Personal information
- Born: December 5, 1997 (age 28) Lubbock, Texas, U.S.
- Listed height: 6 ft 2 in (1.88 m)
- Listed weight: 196 lb (89 kg)

Career information
- High school: Lubbock-Cooper
- College: Bowling Green (2017–2018) West Virginia (2019–2021) Troy (2022)
- NFL draft: 2023: undrafted

Career history
- Edmonton Elks (2023–2024); Toronto Argonauts (2025); BC Lions (2026)*; Hamilton Tiger-Cats (2026);
- * Offseason or practice squad member only

Career CFL statistics as of 2025
- Passing completions: 140
- Passing attempts: 210
- Passing yards: 1,498
- TD–INT: 8–11
- Stats at CFL.ca

= Jarret Doege =

American football player (born 1997)

Jarret Doege (DAY-gee; born December 5, 1997) is an American professional football quarterback.

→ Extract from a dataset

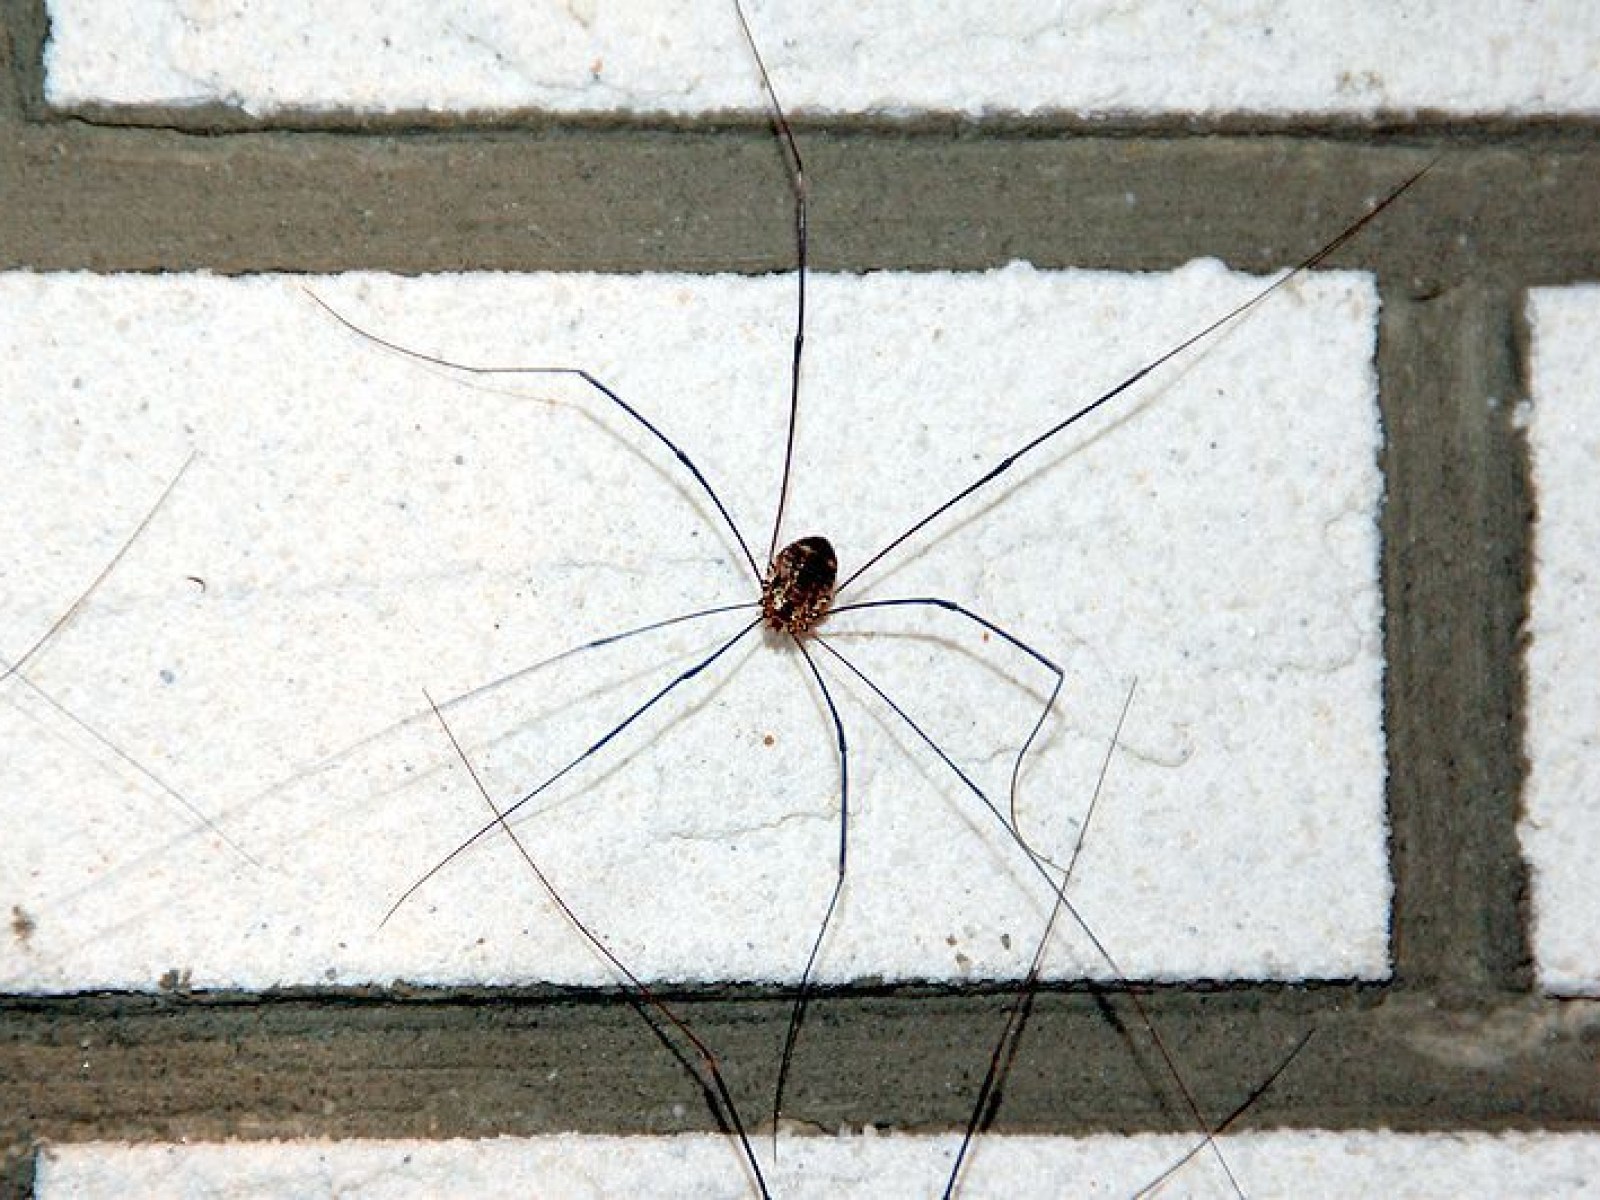 Daddy Longlegs: Everything You Need to Know

He was most recently a member of the Hamilton Tiger-Cats of the Canadian Football League (CFL). He played college football for the Bowling Green Falcons, West Virginia Mountaineers and Troy Trojans.

==Early life==
Doege played at Lubbock-Cooper High School in Lubbock, Texas. Although he passed for 3,363 yards and 33 touchdowns during his senior season, he was not heavily recruited. Rated as the No. 55 prostyle quarterback in the country by 247Sports.com, he committed to Bowling Green on March 28, 2016.

==College career==

===Bowling Green===
As a freshman at Bowling Green, Doege battled with James Morgan throughout the season for the starting quarterback position, eventually winning the job by the end of the season. In seven games, he passed for 1,381 yards, 12 touchdowns, and 3 interceptions.

Doege was named the starting quarterback at Bowling Green for his sophomore season after Morgan's transfer to FIU. In his first season as the starter, he passed for 2,660 yards, 27 touchdowns, and 15 interceptions. The team, however, struggled as they went 3–9 and fired head coach Mike Jinks after the season.

===West Virginia===
On May 8, 2019, Doege announced that he was entering the transfer portal and leaving Bowling Green. Eight days later, he committed to West Virginia under head coach Neal Brown, who had coached his brother Seth as an offensive coordinator at Texas Tech. He was redshirted, but he was able to play in four games under the NCAA's new transfer rules. Playing behind starter Austin Kendall, he passed for 818 yards, 7 touchdowns, and 3 interceptions.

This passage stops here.